Apr 18 at 22:43 comment added mechanodroid @DanRomik "...why they need to be more worried about the reviewer committing this plagiarism than about anyone else committing it." The paper is indeed already on arXiv but I have several quite specific reasons to be worried about the reviewer in particular, rather than anyone else: 1. The result is quite obscure and unlikely to attract the attention of the right people who would be even interested in shortening the proof. 2. The paper is indeed quite long, technical and contains lengthy computations which are themselves very elementary but extremely tedious and difficult to follow.
Apr 18 at 17:20 comment added David White @DanRomik I addressed that part of the question ("Their paper could even acknowledge...") in the middle of my answer. But, because the OP was asking whether uploading to arXiv could protect against the scenario, in the beginning of my answer I was assuming the paper had not been uploaded to arXiv and was not publicly available. From the mid-point of the answer on, I address how putting the paper on arXiv changes things.
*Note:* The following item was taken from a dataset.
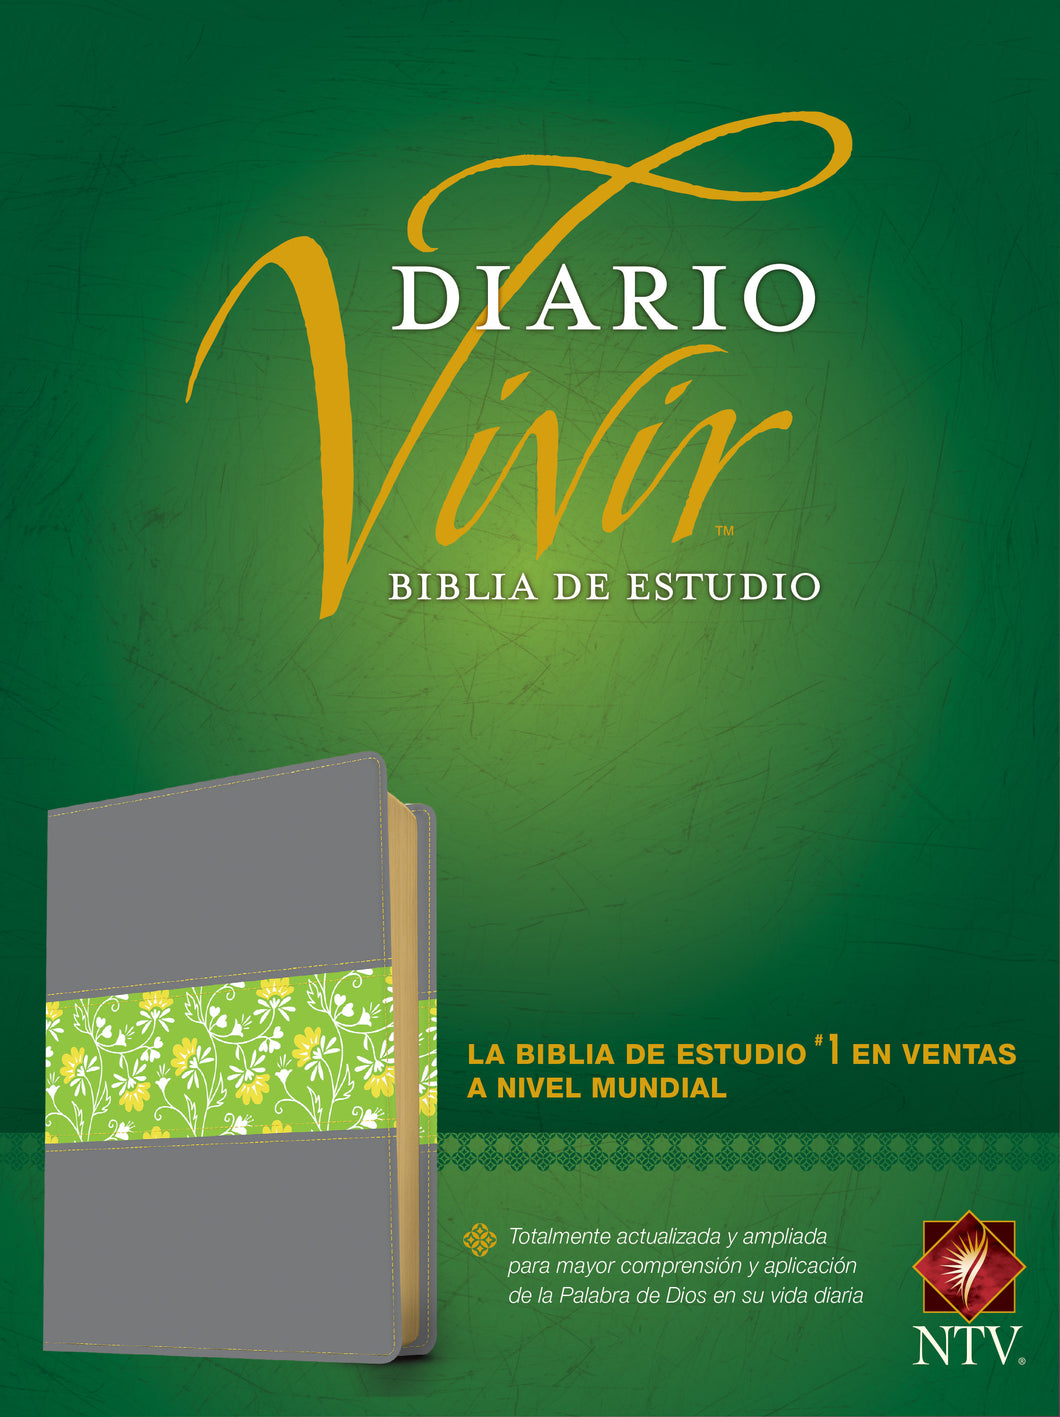 Biblia NTV - de Estudio del Diario Vivir - SentiPiel Gris/Verde

I think most of what's in your answer is already in mine, but, hey, it doesn't hurt for the OP to hear it twice.
Apr 18 at 17:19 comment added Dan Romik ... As for the situation of a reviewer committing plagiarism, that would indeed be very unethical. However, to the extent that this is something OP needs to worry about, I don't see why they need to be more worried about the reviewer committing this plagiarism than about anyone else committing it. As I said in my answer, once the paper is on arXiv literally anyone can try to improve on it (and literally anyone can plagiarize it if they wish to behave unethically). The reviewer has no special advantage, and no more incentive than anyone else does to behave unethically.
Apr 18 at 17:17 comment added Dan Romik I think most of this answer talks about a scenario that is quite different from what OP asks about. OP wrote: "Their paper could even acknowledge that the original researcher made them aware of the result", indicating that they are not thinking of a situation in which the reviewer makes active efforts to pass off the theorems in the paper as their own; rather, the reviewer cites the earlier work and publishes a paper claiming only the novel element of "shorter, more presentable proofs". That situation is the one I address in my answer.
Apr 18 at 12:40 comment added testaccount This is the correct answer, and good advice. In pure math, I believe in general people are pretty careful about attributing results, at least recent ones. You can find many papers with notes such as "Theorem 1.1 was also obtained independently by X and Y in ..." when two groups prove similar results around the same time.